======== DATA SECTION ========
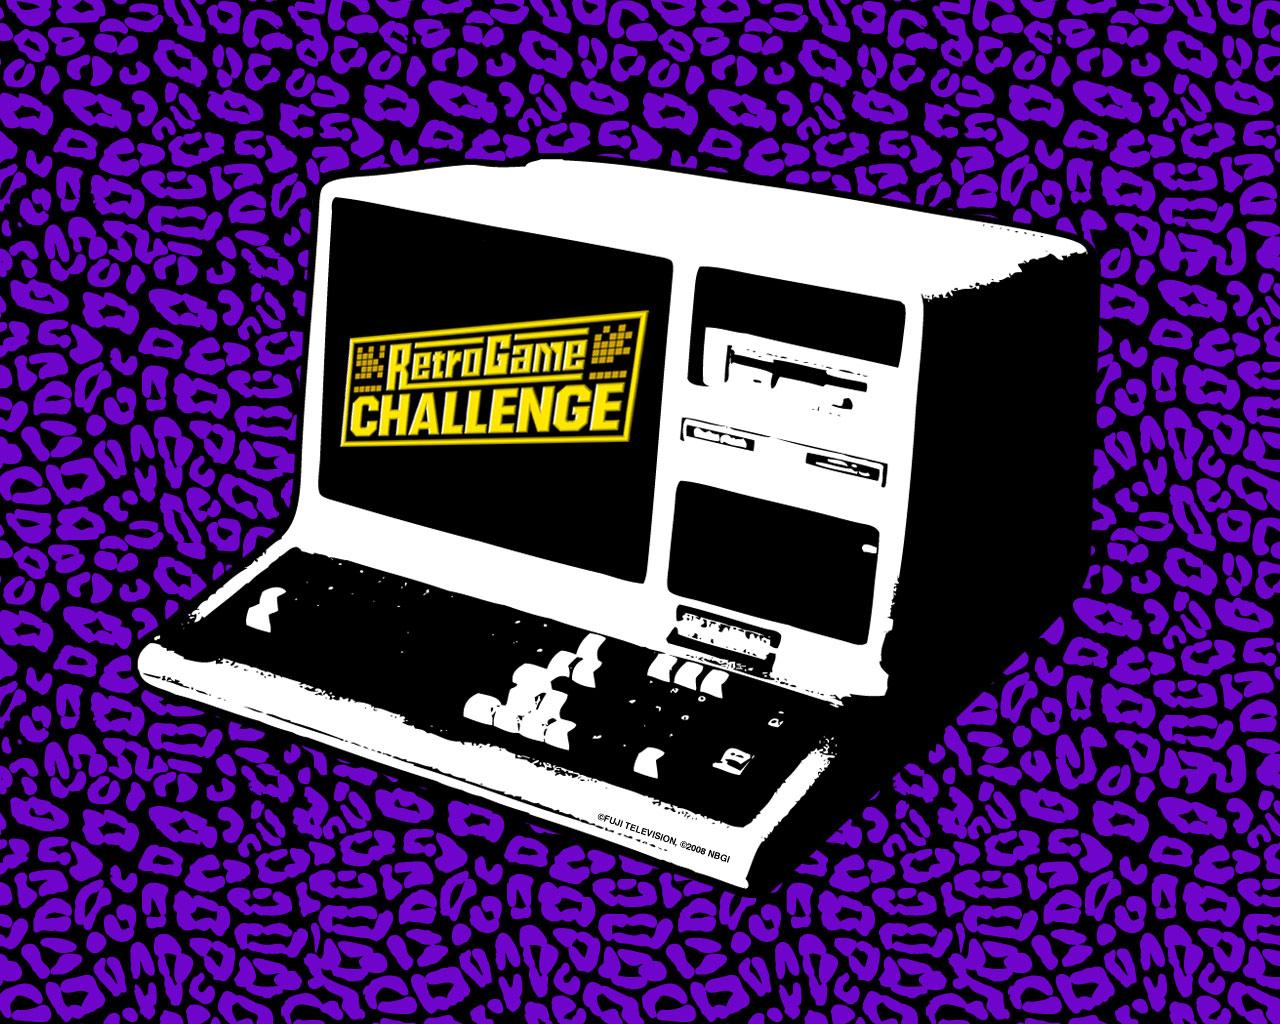 Retro Game Challenge Wallpaper Download Original Retro
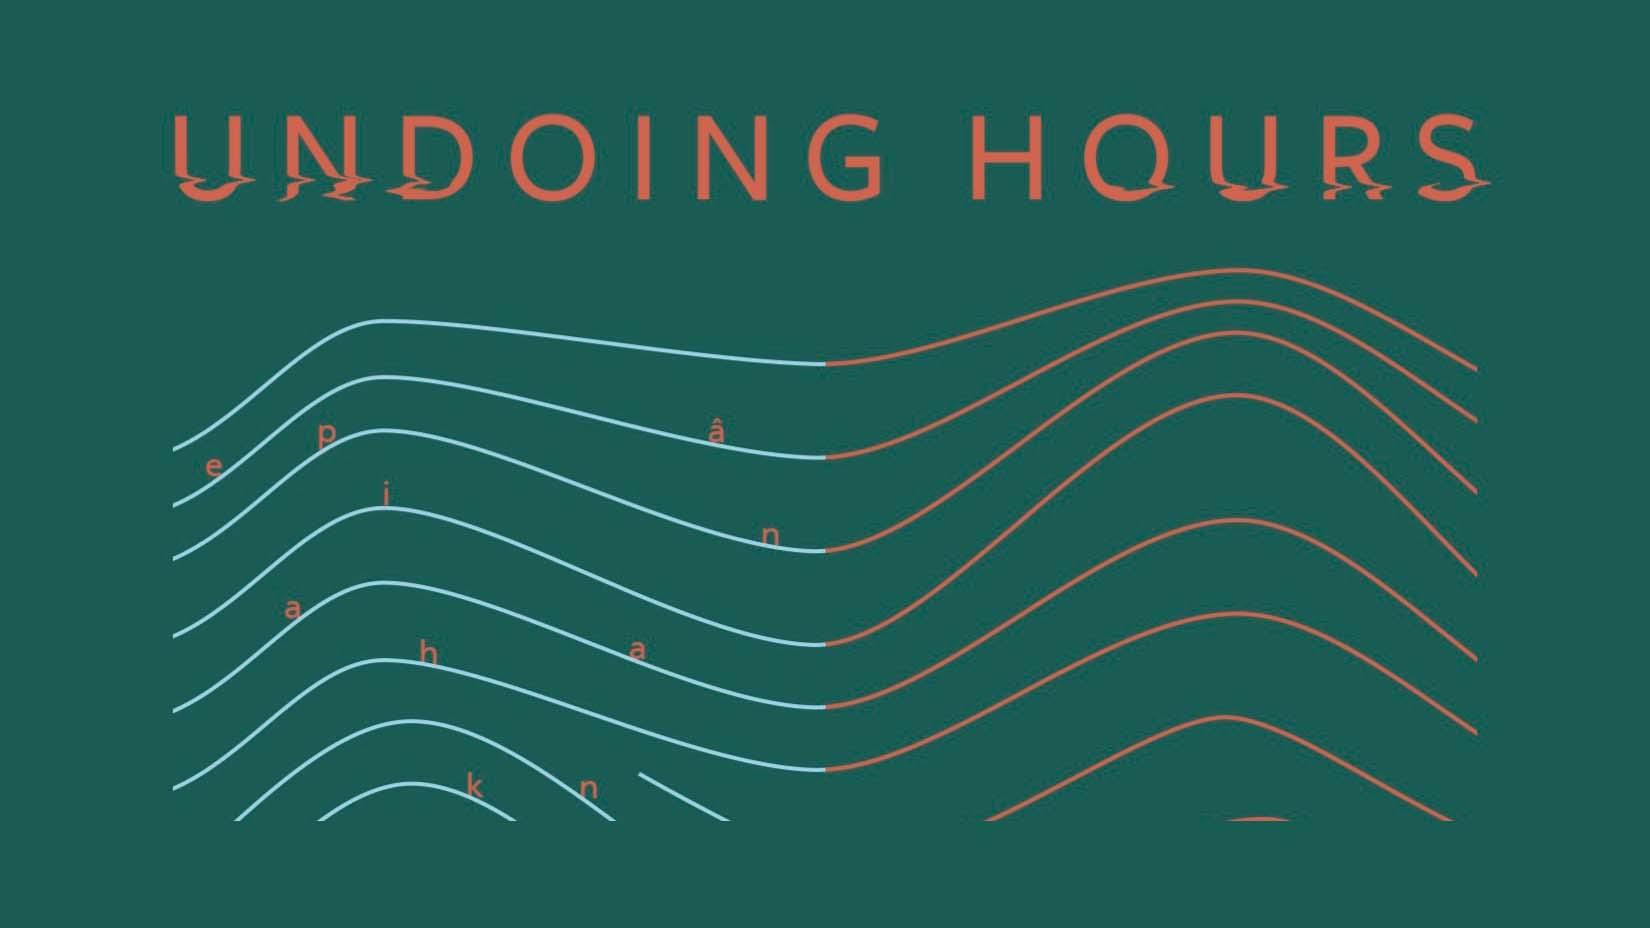 Undoing Hours
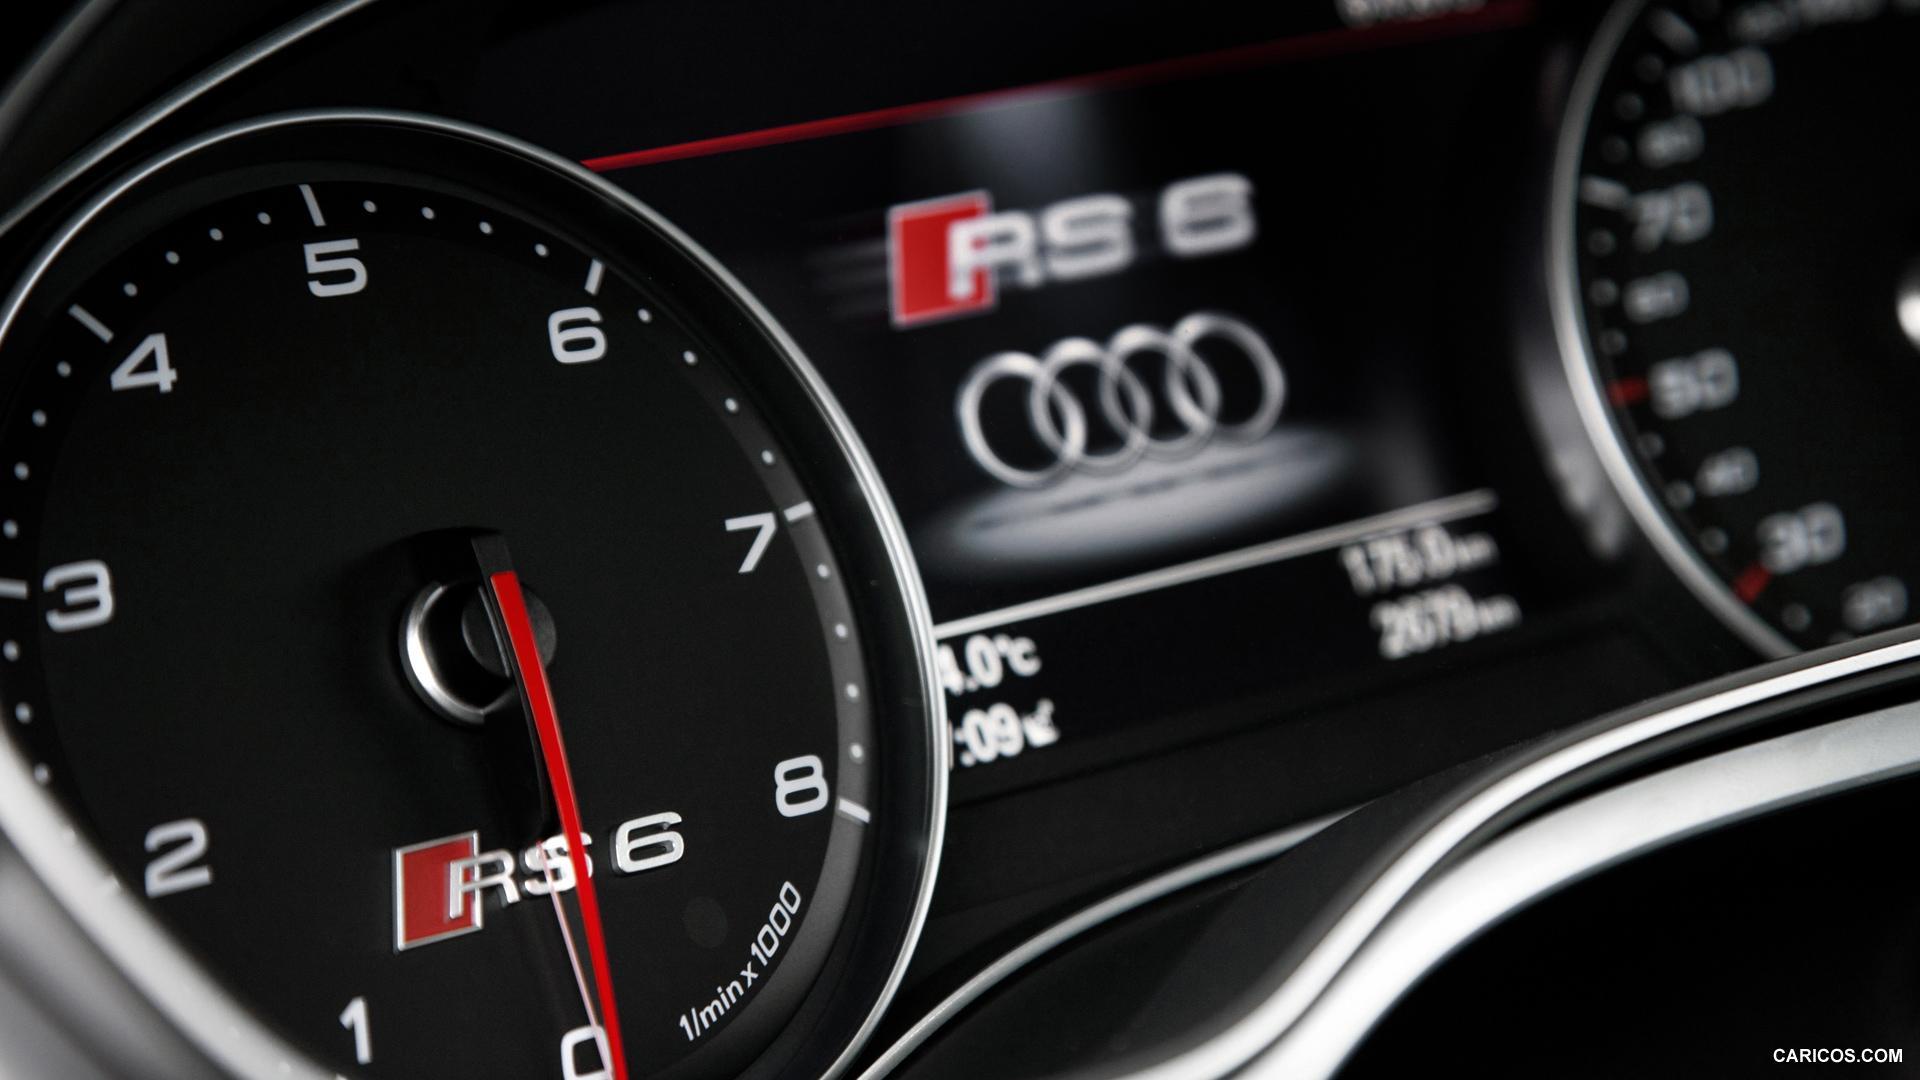 Audi Rs 6 Wallpapers Wallpaper Cave
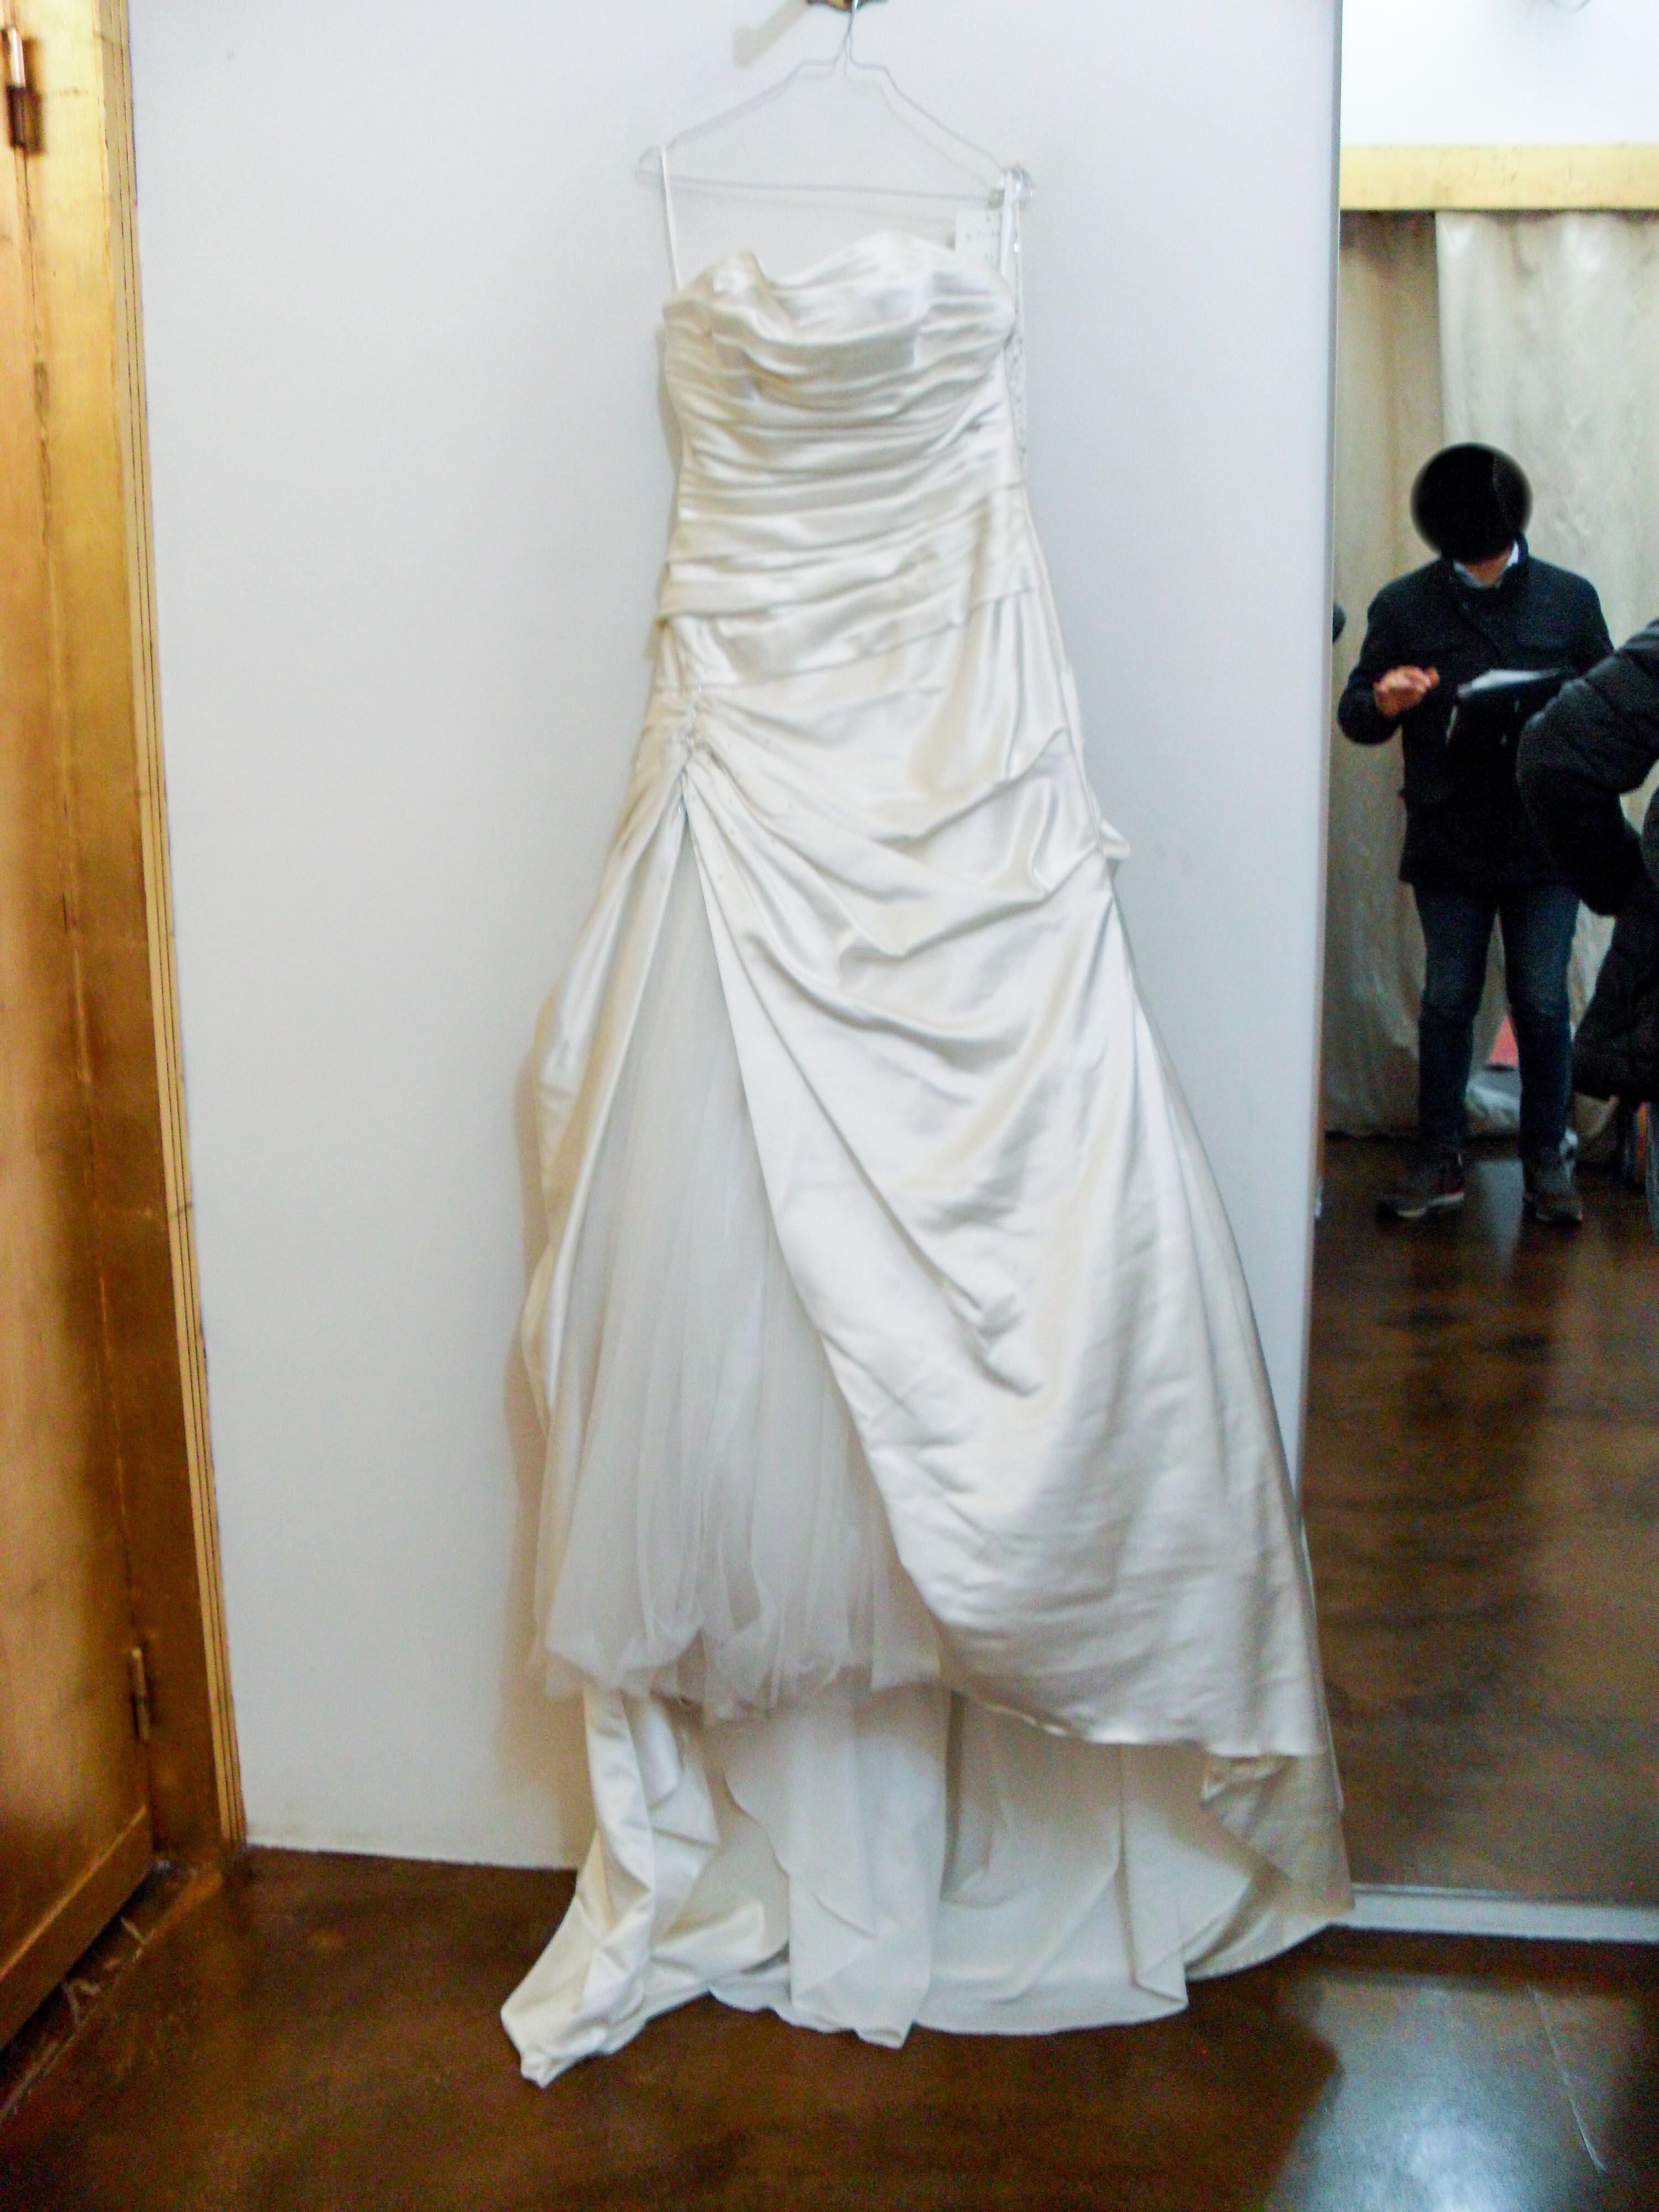 187beac6d2f1 N.1 Abito da sposa marca Nana couture taglia 42 - Astemobili.it
========
* [DIRECTIONS]
Leave out the pictures and output the rest of the material exactly as written.

* [ANSWER FOR THIS EXERCISE]
 Retro Game Challenge Wallpaper Download Original Retro
 Undoing Hours
 Audi Rs 6 Wallpapers Wallpaper Cave
 187beac6d2f1 N.1 Abito da sposa marca Nana couture taglia 42 - Astemobili.it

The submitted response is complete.